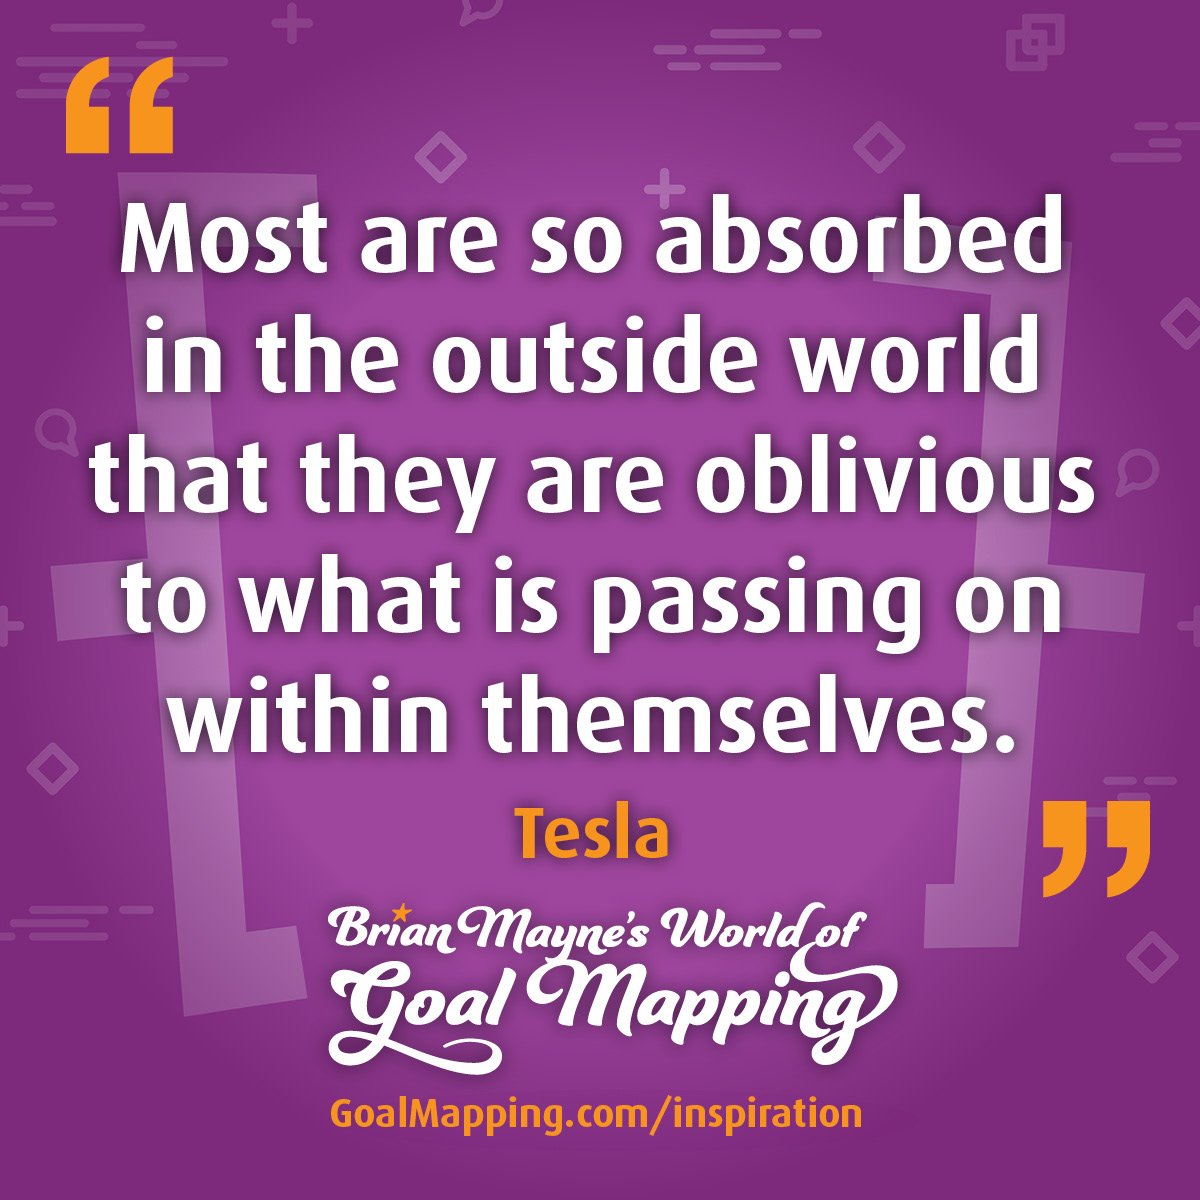 "Most are so absorbed in the outside world that they are oblivious to what is passing on within themselves." Tesla
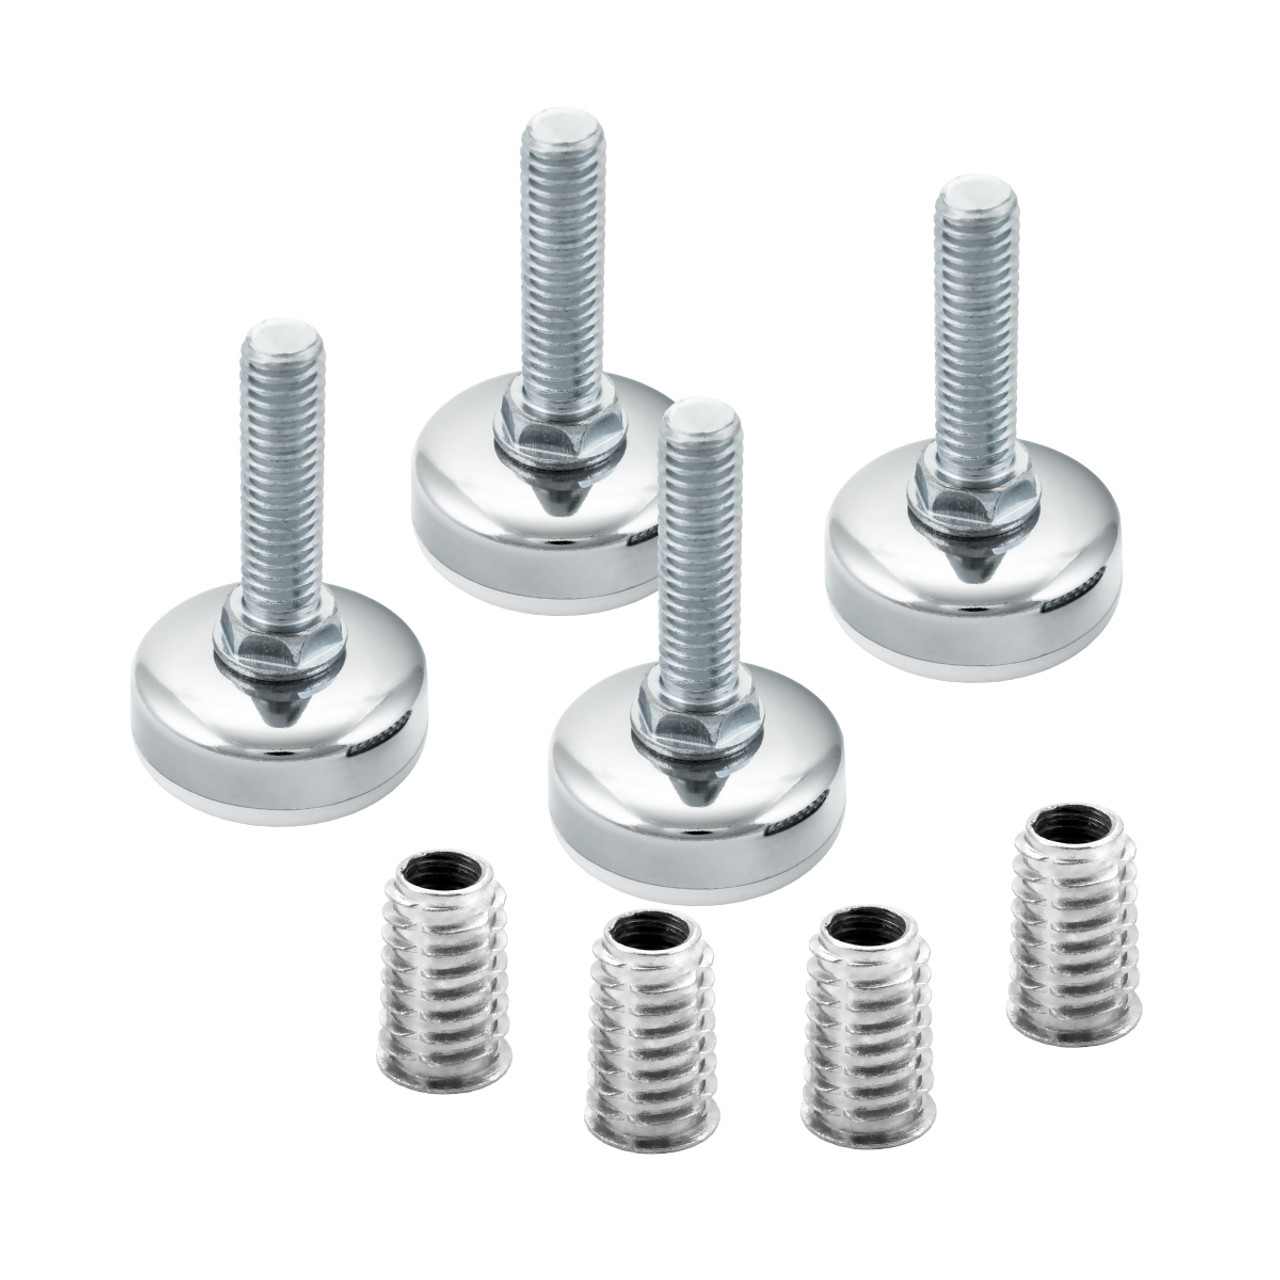 10mm Round Screw On Purse Feet - Set of 4 - So You Need Hardware
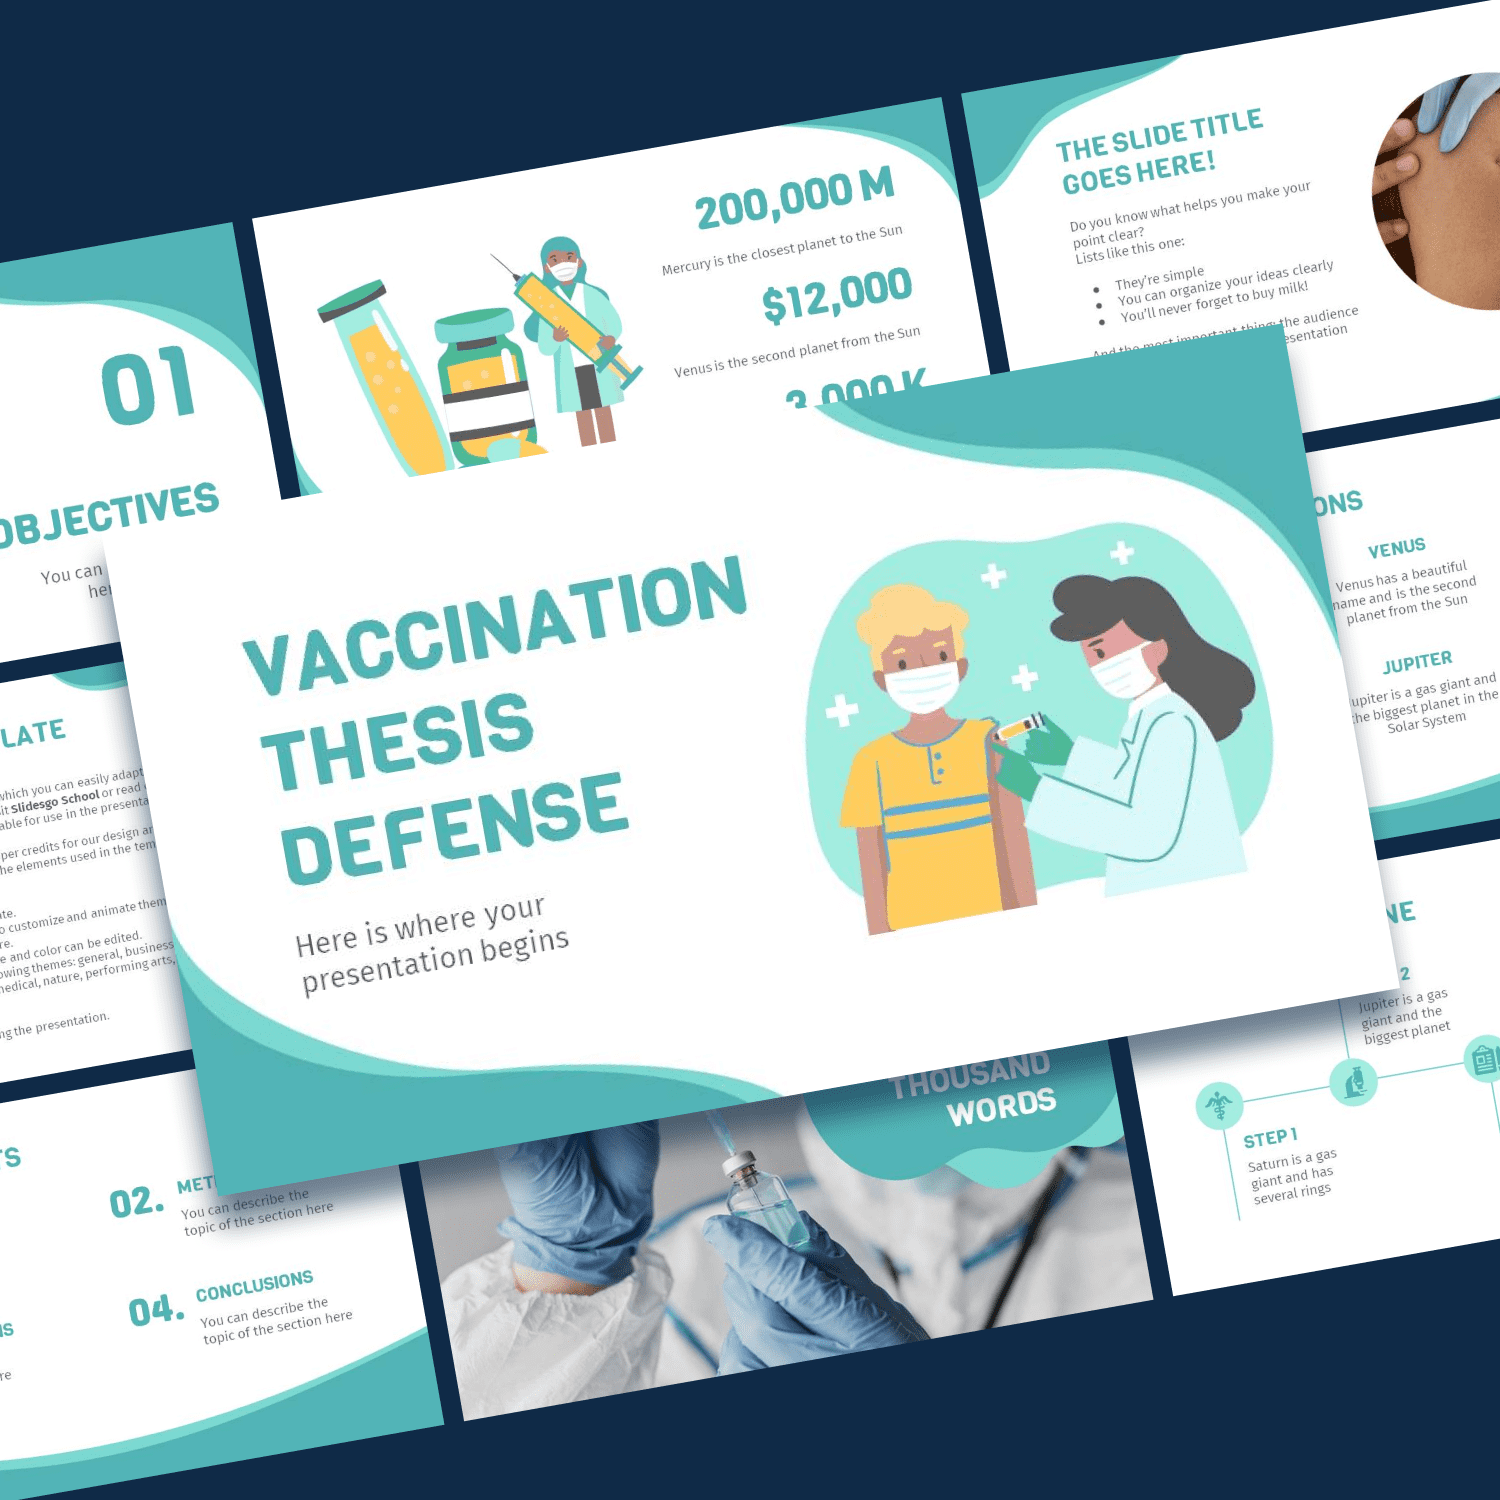 Free Vaccination Thesis Defense Powerpoint Template.
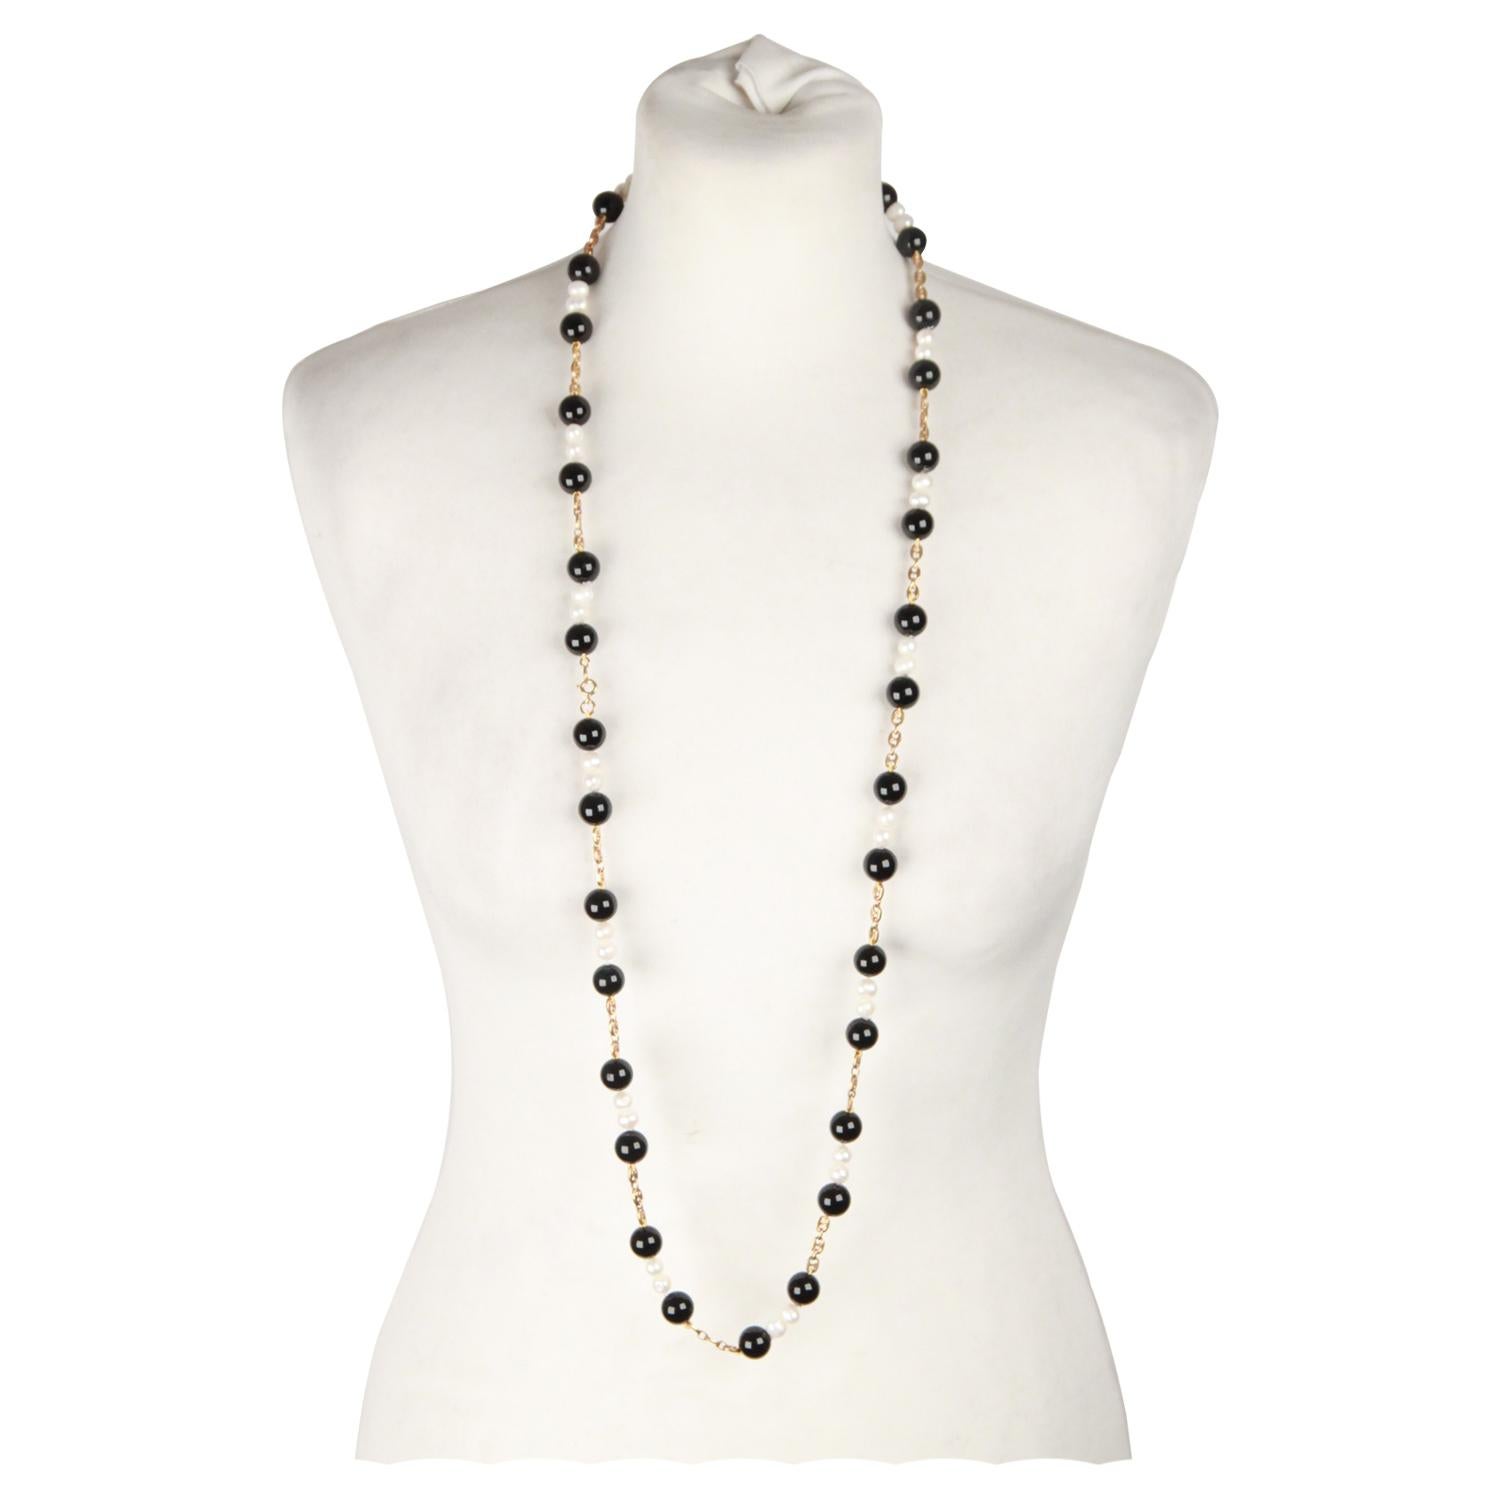 Women's Handmade in Italy Long Necklace with Black Onyx and Baroque Pearls and Beads

> [Your objective]:
Omit the images; transcribe the listing verbatim.

> [Response box]:
 "Most are so absorbed in the outside world that they are oblivious to what is passing on within themselves." Tesla
 10mm Round Screw On Purse Feet - Set of 4 - So You Need Hardware
 Free Vaccination Thesis Defense Powerpoint Template.
 Women's Handmade in Italy Long Necklace with Black Onyx and Baroque Pearls and Beads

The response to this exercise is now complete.